Action item
Transcription, pictures excluded: write out the data below exactly.

Source data
>>

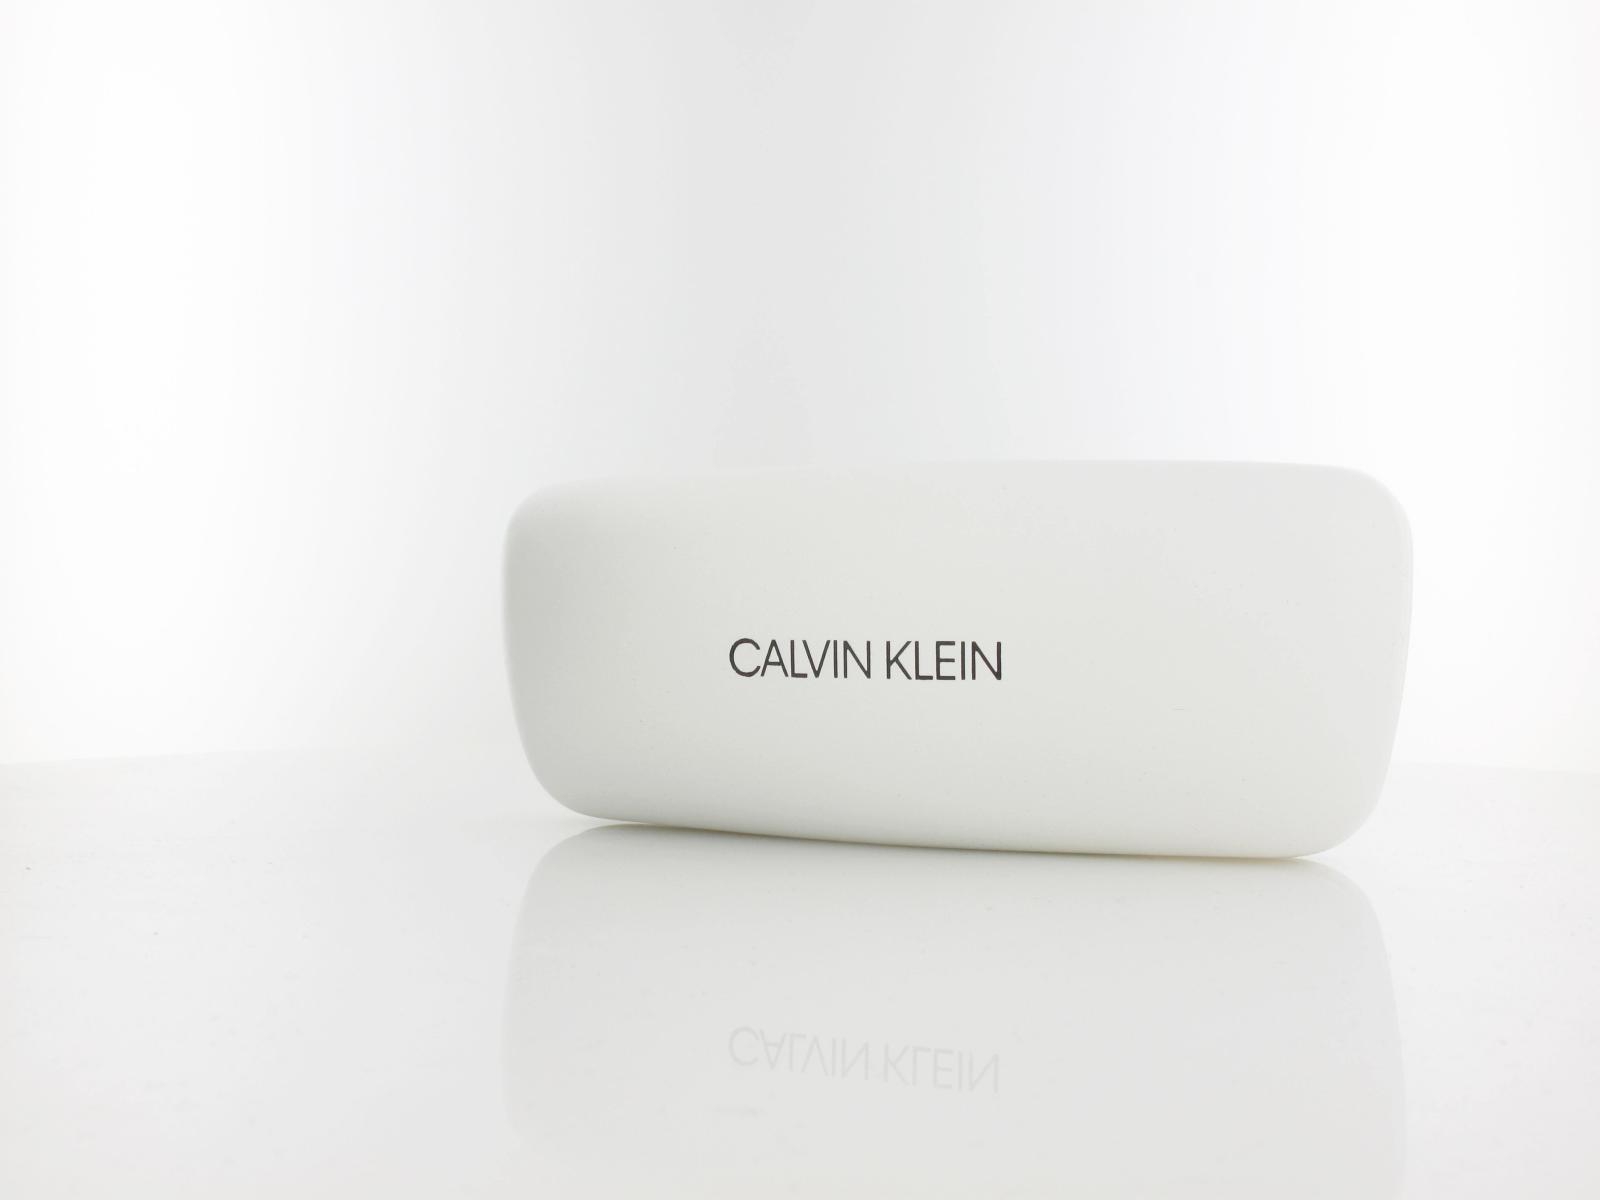 Calvin Klein | CK23549 205 50 | brown pink rose
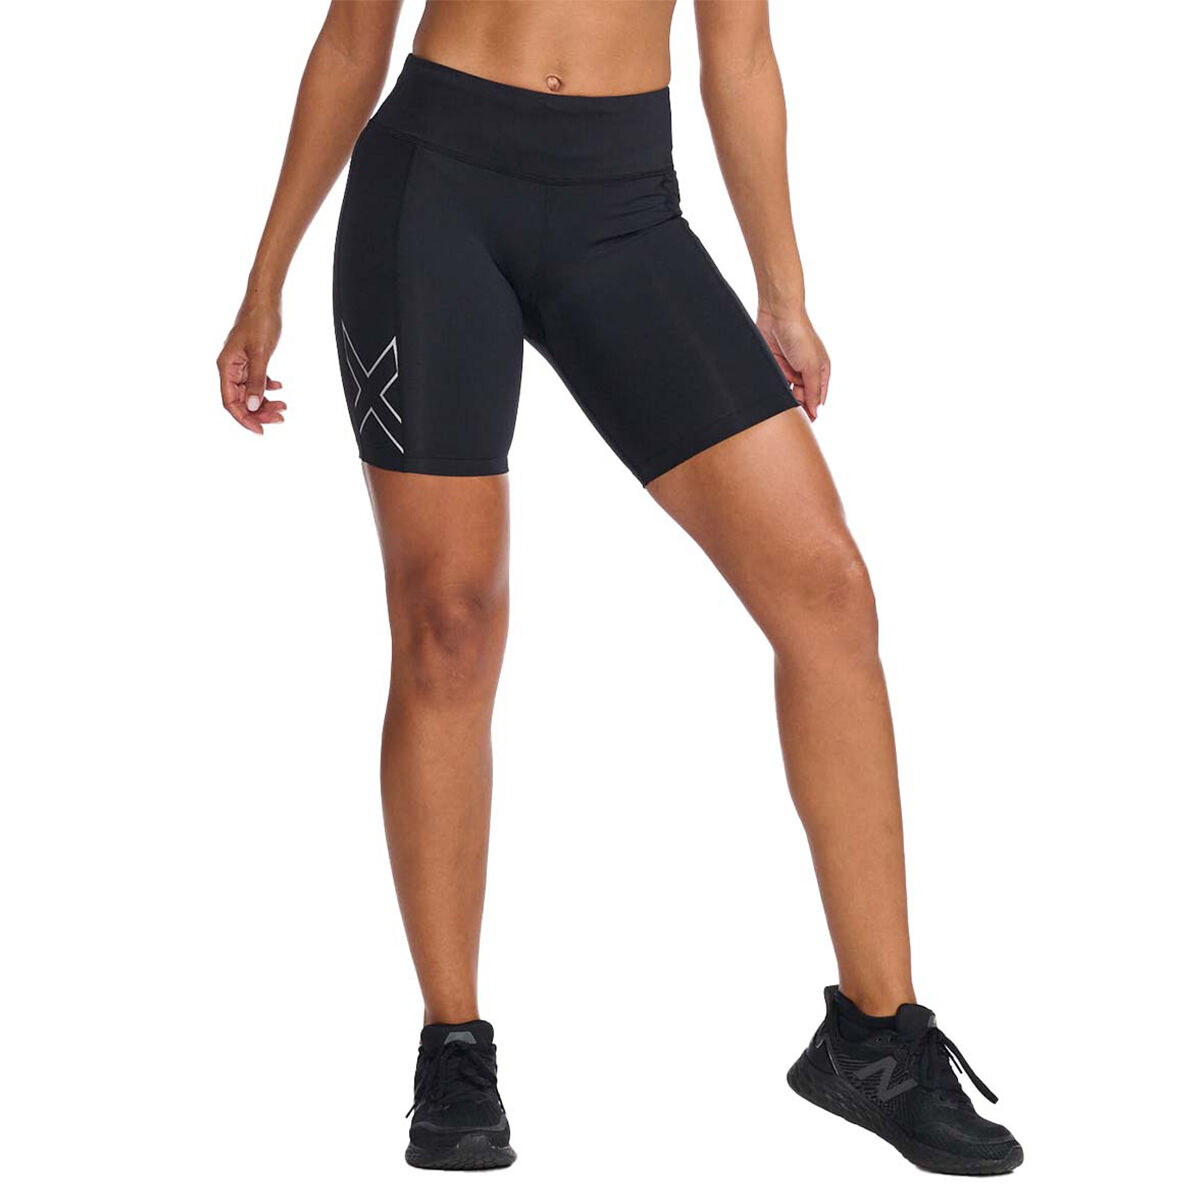 Reebok Womens Compression Running Shorts Workout Bike Short 9.5 Inch Inseam
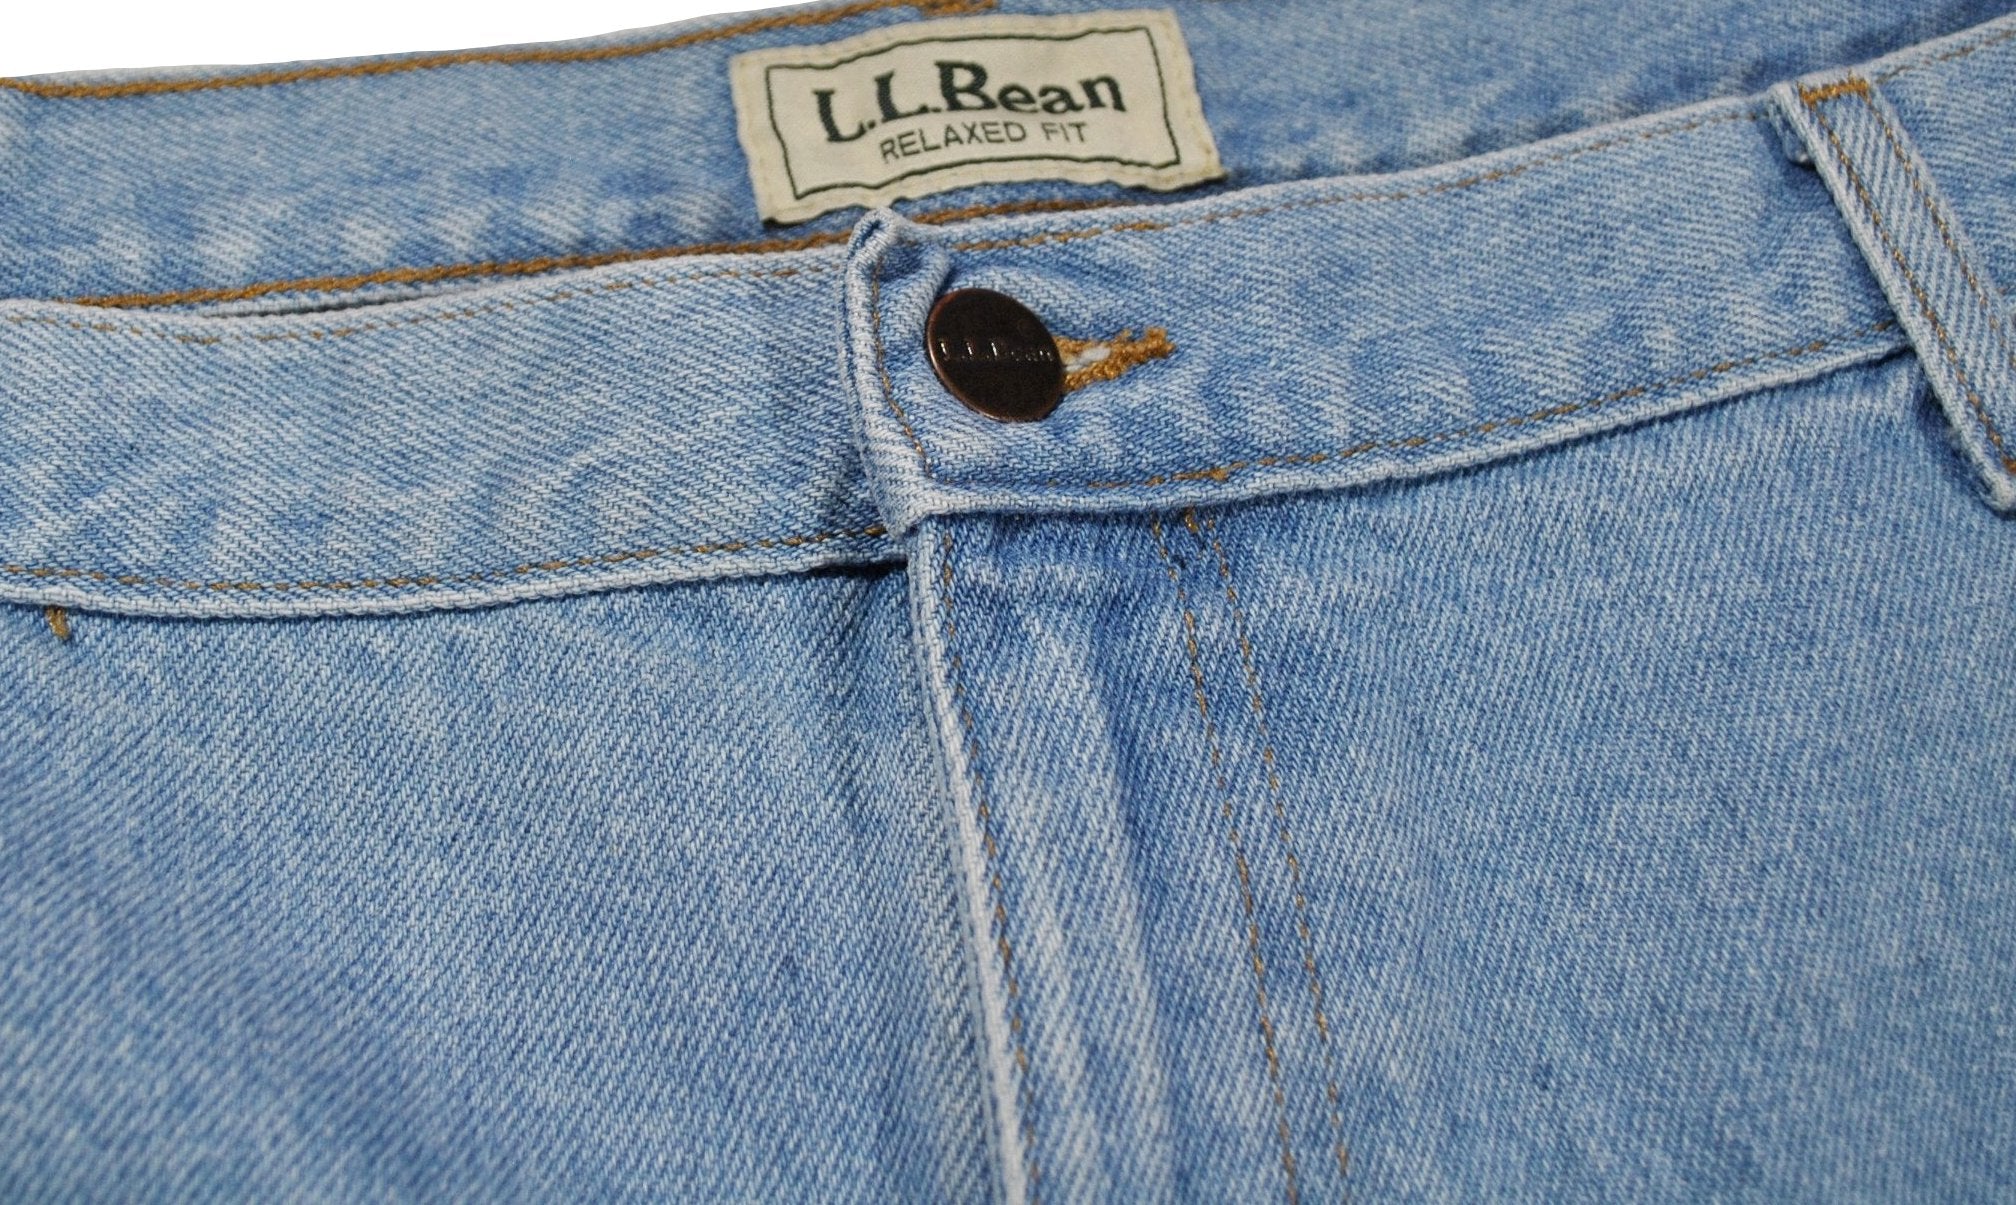 Vintage L.L. Bean Denim Jeans Size 
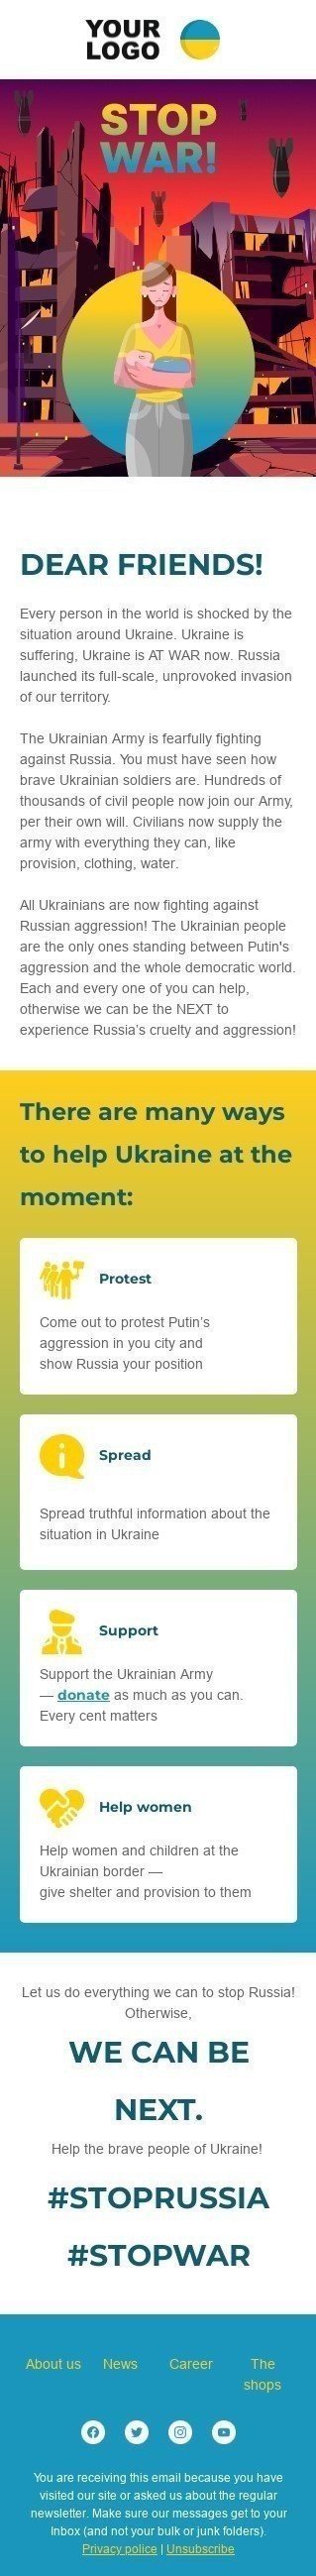 Email-шаблон «Как помочь Украине остановить войну» мобильный вид

<<

Solution for this exercise
 Calvin Klein | CK23549 205 50 | brown pink rose
 Reebok Womens Compression Running Shorts Workout Bike Short 9.5 Inch Inseam
 Vintage L.L. Bean Denim Jeans Size 
 Email-шаблон «Как помочь Украине остановить войну» мобильный вид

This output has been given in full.